2         What will be done

Building largely upon results from the NSF-funded MONGREL project, which investigated the use of implicit sources of evidence for both useful document detection and topic identification and description, we will:

1.     Further analyze data collected during the course of the MONGREL project concerning what the subjects in the Kelly study were doing at the time of their searching, in order to develop methods for identifying topics, based on the user’s context at the time of searching. It is likely that this could take a language-modeling perspective, in terms of developing user interest topic models based on the contents of documents associated with the search.

2.     Run experiments with the AntWeb system which will collect data similar to that in Kelly’s MONGREL project, to understand better what implicit evidence from previous and current behaviors can be used as indicators of document usefulness, and especially the effect of contextual factors on the accuracy of prediction of usefulness.

3.     Using results from, and participation in the TREC HARD track, we will test the effectiveness of various methods of taking account of different contextual factors in tailoring the representation of quests to the specific requirements and characteristics of the individual person.

4.     Using results from the MONGREL Speak to Me experiment, which investigated the effect of spoken language and gesture input on the quantity and quality of quest description, devise and evaluate an interface to the AntWeb system which incorporates at least some speech input.
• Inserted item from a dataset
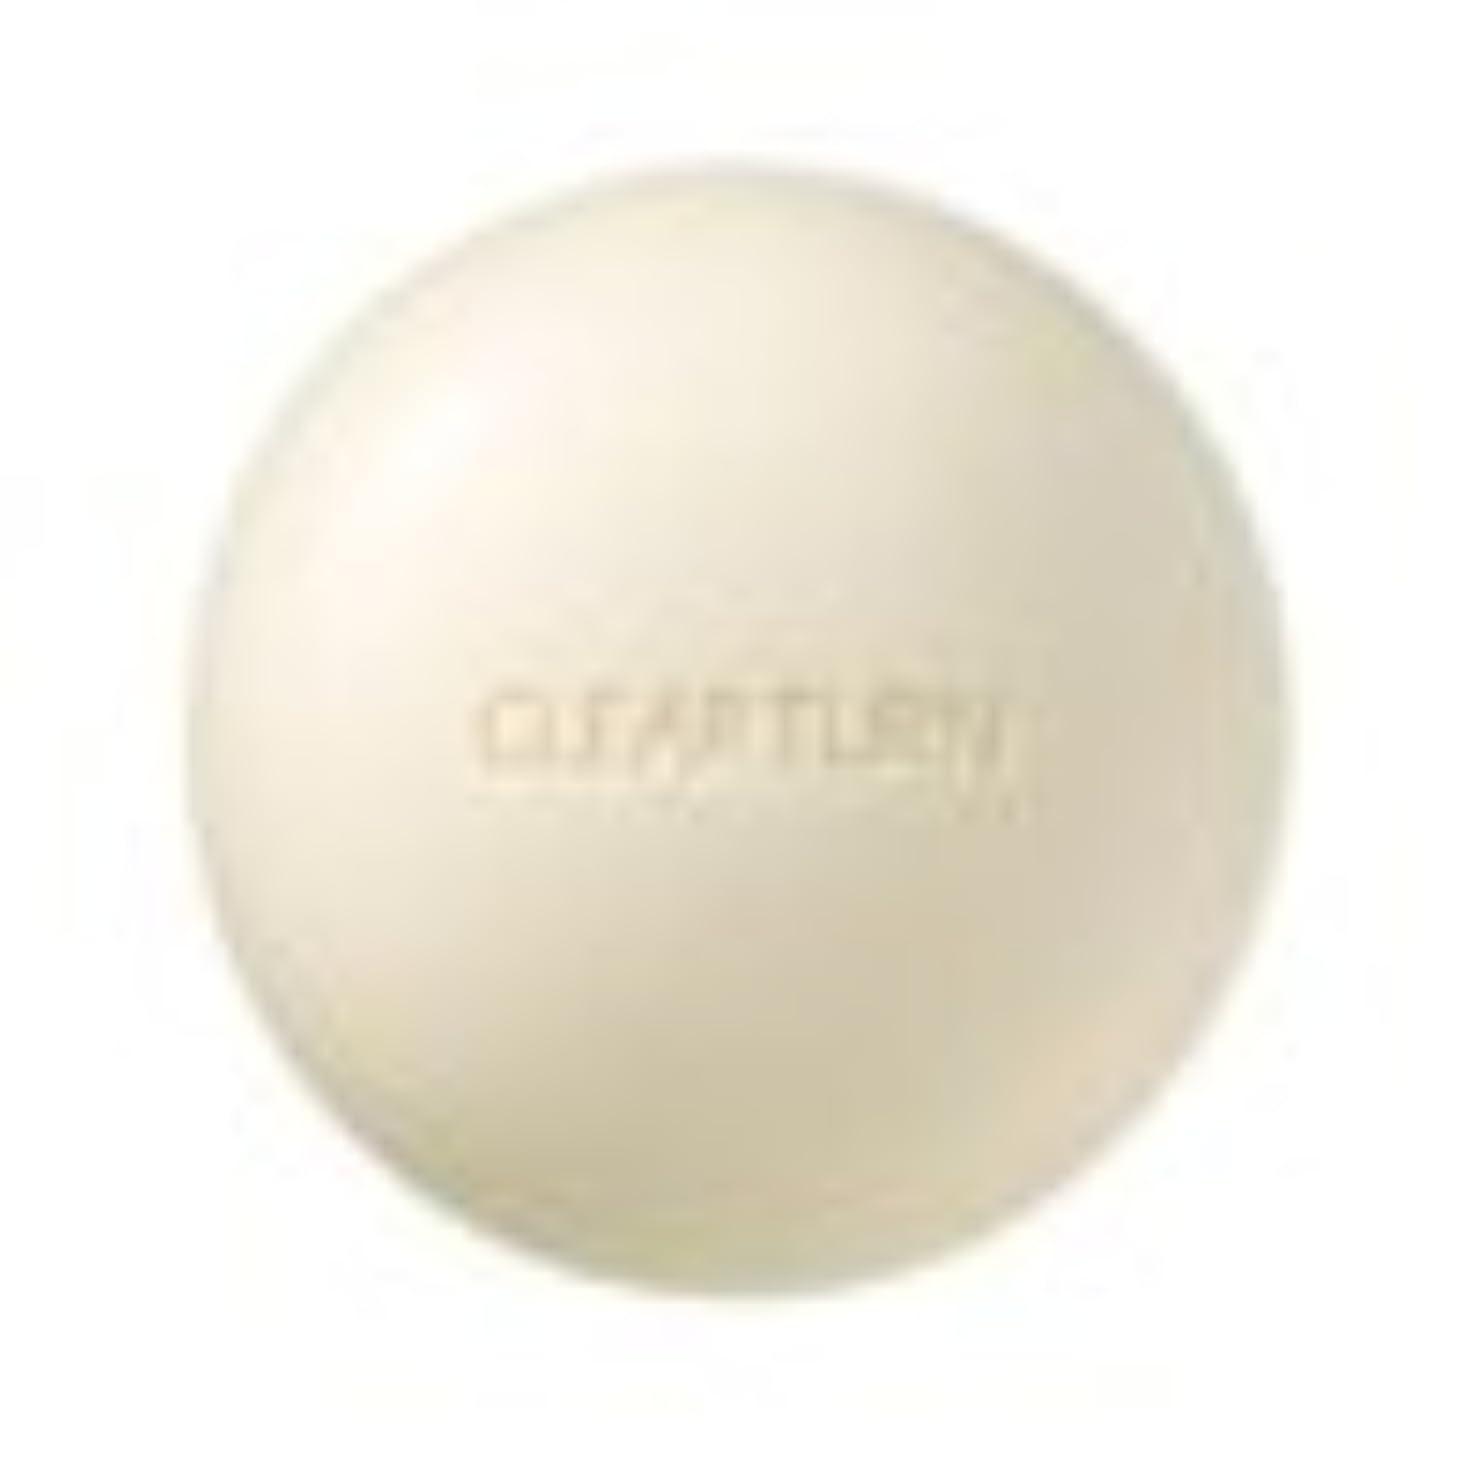 クリエ クリアターン EX クリアスムースソープ 100g 洗顔石鹸 無香料

Evaluation will be in terms of the degree to which such an interface encourages users to provide quest descriptions which are better than those elicited in the normal GUI interface, where better means resulting in more accurate matching of quests, and more accurate prediction of useful documents.

5.     We will collaborate with others in the team in the development and evaluation of interaction models and interface techniques which will support strong user interaction with information objects, leading to explicit indication by the user of document preference.

6.     We will collaborate with others in the team in the development of quest and document representation and retrieval techniques, based on the results of the research described above, and perhaps drawing on the research in using language modeling techniques for these purposes from the MONGREL project.

7.     We will collaborate with other members of the team in implementing the results of our research into the AntWeb prototype, and in evaluating that prototype, and in its subsequent redesign.